As for the relevance of these data5,6 to the role of sirtuins in mammals, it was previously shown that mice overexpressing SIRT1 do not live longer12. Initially, this lack of effect on lifespan was attributed either to insufficient expression of the SIRT1 transgene or to possible confounding functional compensation of protein deacetylation by other Sir2-related proteins. However, if Burnett and colleagues' results can be extended to mice, then the earlier mouse data12 are not so astonishing after all. The main role of SIRT1 in mammals might not be directly related to lifespan regulation.

If not to control lifespan, what is the main function of SIRT1? The answer may lie in the observation that the activity of SIRT1 depends strictly on the levels of the coenzyme NAD+, which acts as a co-substrate for the deacetylation reaction that SIRT1 catalyses. Changes in NAD+ levels, which reflect the metabolic activity of the cell, hence modulate SIRT1 activity according to the cellular energy status. This NAD+ dependence makes SIRT1 an attractive integrative node for metabolic sensing and for transcriptional regulation, as SIRT-1 influences post-translational modification of transcription factors and histone proteins3.

In contrast to the observations on lifespan, the effects of SIRT1-related proteins favouring metabolic flexibility are based on a wealth of genetic, physiological and pharmacological evidence, and are conserved from yeast to mammals. In mammals, SIRT1 mediates metabolic and transcriptional adaptations to situations of energy stress and nutrient deprivation by enhancing respiration by the mitochondria, the cell's energy producers. Mice overexpressing SIRT1 are therefore protected from the metabolic damage caused by a high-fat diet10.

Similarly, indirect activation of SIRT1 by the compound resveratrol protects against metabolic and age-related diseases13, curbing the lifespan reduction induced by high-calorie diets14, even though it has no effect on lifespan in mice fed regular chow15. Conversely, outbred mice lacking SIRT1 show deficiencies in metabolism and cannot respond properly to the lifespan-increasing effects of calorie restriction12. This highlights how the metabolic adaptations that SIRT1 induces might indirectly influence mammalian lifespan.

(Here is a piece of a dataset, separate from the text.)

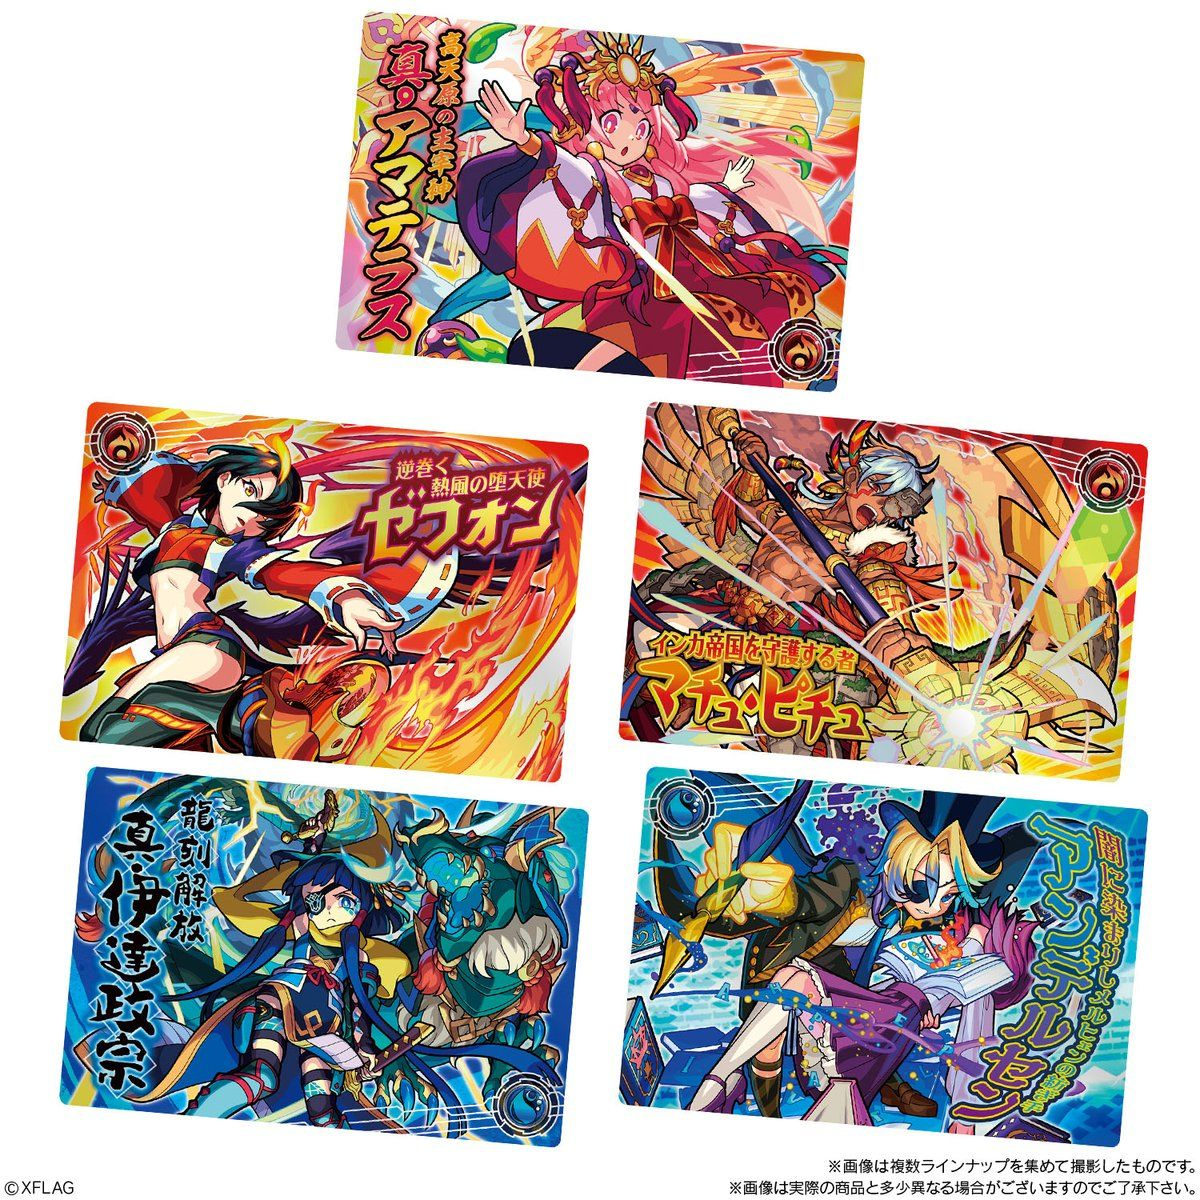 【食玩】モンスターストライク『モンストウエハース EX2』20個入りBOX-002

Indeed, although in light of Burnett and colleagues' findings5 the appeal of sirtuins as a sensu stricto lifespan determinant might be gone, SIRT1 activation remains a promising approach to delaying general age-related physiological decline and to treating numerous inherited and acquired diseases characterized by defective mitochondrial function. The astonishing ability of SIRT1 to enhance 'healthspan' by promoting metabolic fitness will also guarantee it a long life as a subject for further exciting research.